Tuesday, November 13, 2012

George and Martha

Quite some time ago I came across a review of the book Washington: A Life by Ron Chernow. I was interested, so ordered the book. The book arrived, all 817 narrative pages of it (plus many more pages of notes and references). I started reading the book, but soon gave up--not because it is dull. To the contrary, I was finding it very interesting. The probelem, for me is that it is 817 pages of very fine print. As I have mentioned previously, I have certain vision challenges. Because of that, reading this book was very difficult for me.

I should have ordered it in Kindle format, where I can control print size. I ordered the actual book, because I knew it had pages of illlustrations (photos of paintings of many of the important people of the time) and the illustrtions would not be good on my Kindle. (I do now have a Kindle Fire which does better on photos, etc., but the Fire had not come out yet when I ordered this book.)

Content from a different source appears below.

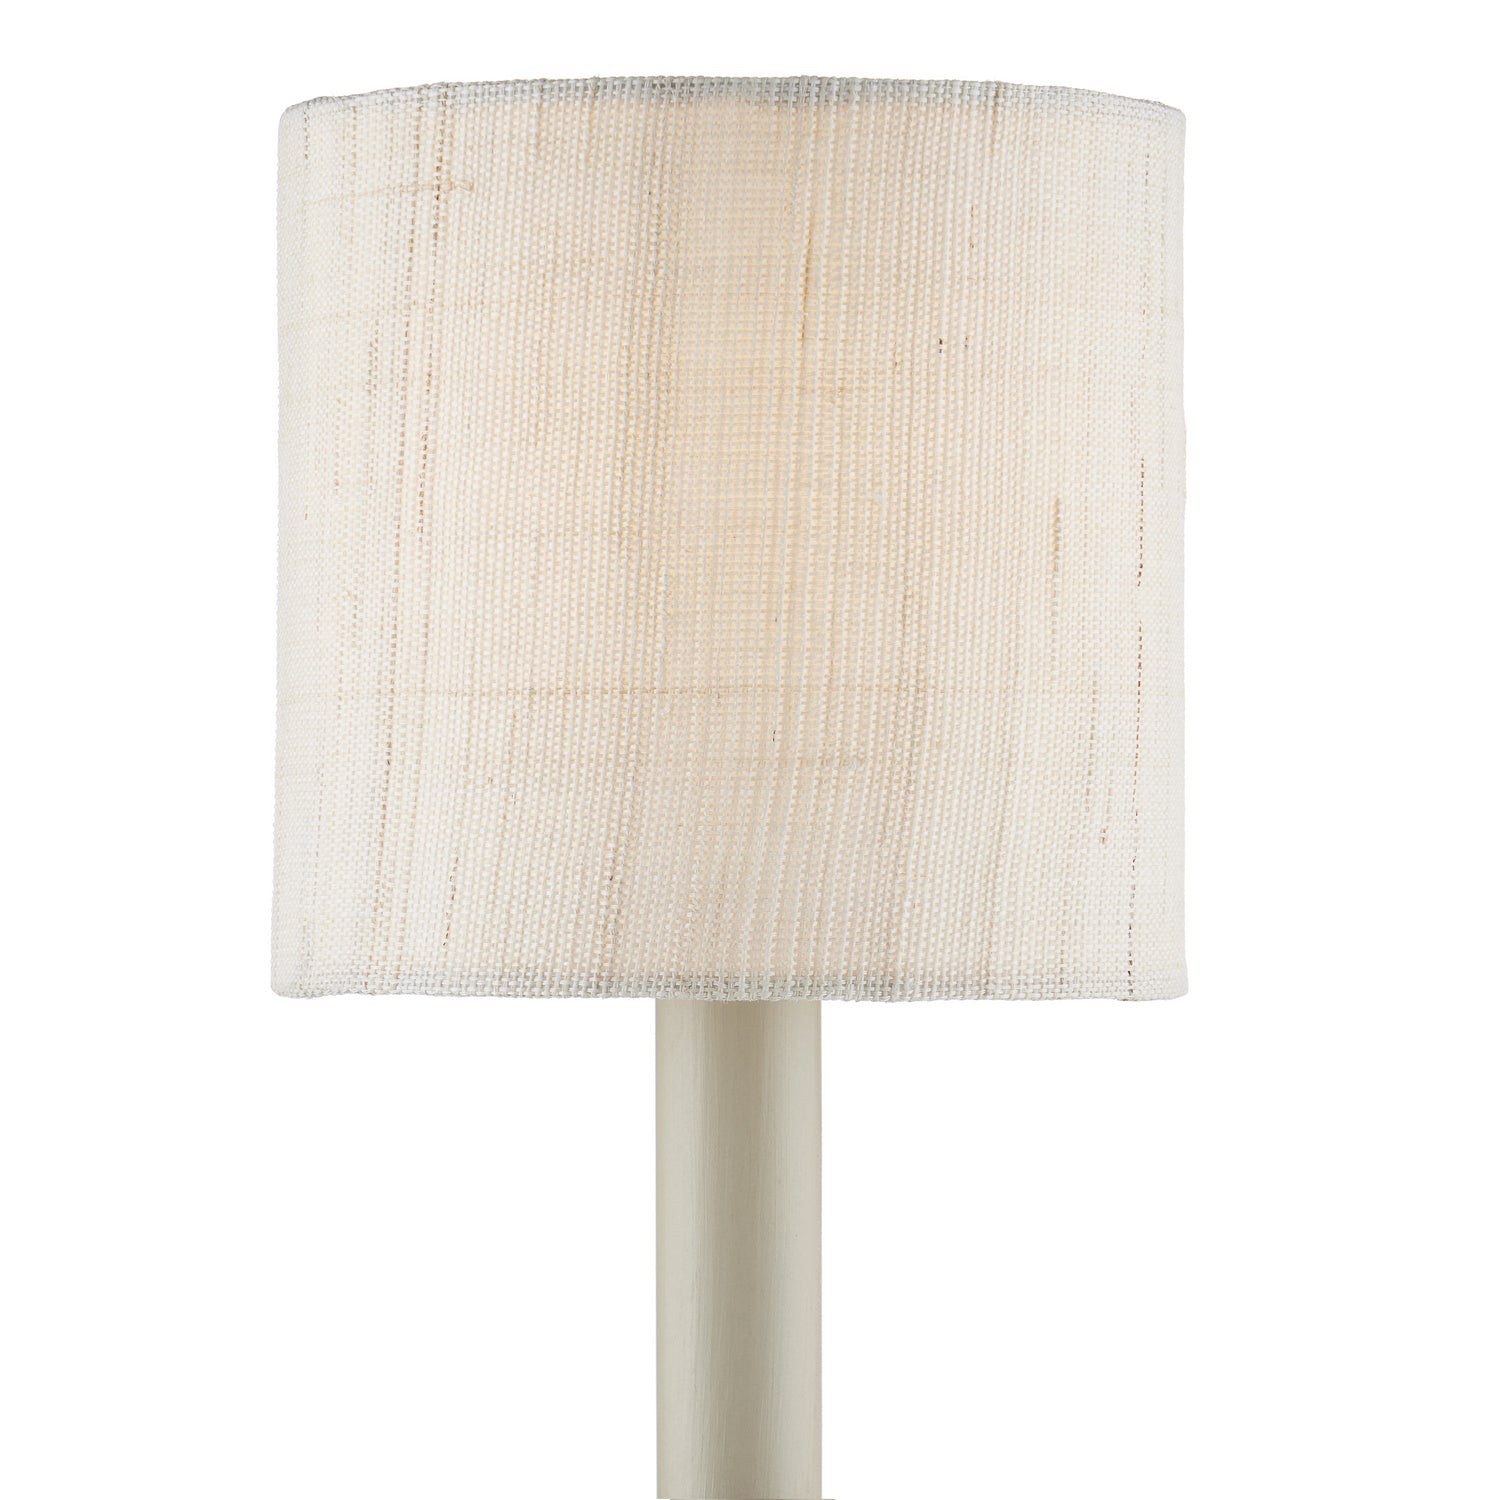 Chandelier Shade in Light Natural finish

Recently, I subscribed to Audible.com. One day I thought about my unread book about Washington and checked in Audible to see if they had it. To my delight, they did. So now I am working on listening to the book, which is very well read--and I can flip to the illustrations section in the actual book when someone's name comes up. The recording is almost 42 hours long, so I'll be working on it for quite a while!

Today a name came up of a person who is not in the book's illustrations, and I turned to the internet to see what I could find. Well, I found him and that led to looking up others. Soon I was reading an article about Martha Washington. There was a picture of her as a young woman that had been made with facial age regression software. It is the same technique used to age photos of missing children, only doing a regression. She was quite a lovely young woman. Records still exist of orders she placed for clothing. From them we know she was barely five feet tall and very slender in her youth. The idea of George marrying an older, stout, widow for her money is one conjured up much later (though she definitely was a wealthy widow). Martha and George were both 27 when they wed, though she was eight months older than George.

Thinking about George and Martha Washington reminded me of another George and Martha.  Many years ago my parents had a pair of geese that they named George and Martha. They got a lot of enjoyment out of watching those two. My parents' backyard was fenced and sheltered on two sides by thick poplars and on one side by the house. On only one side, by an alley, could anyone easily see though the fence into the backyard. Alas, some busybody, who could in no way have been bothered by George and Martha, reported to the city that my parents were harboring illegal livestock in the city. They were forced to find another home for their geese.

It's sort of ironic that the geese had to go--today deer frequently can be seen in that yard. All around town yards are visited by squirrels, rabbits, skunks, deer, and antelope. But George and Martha were illegal immigrants!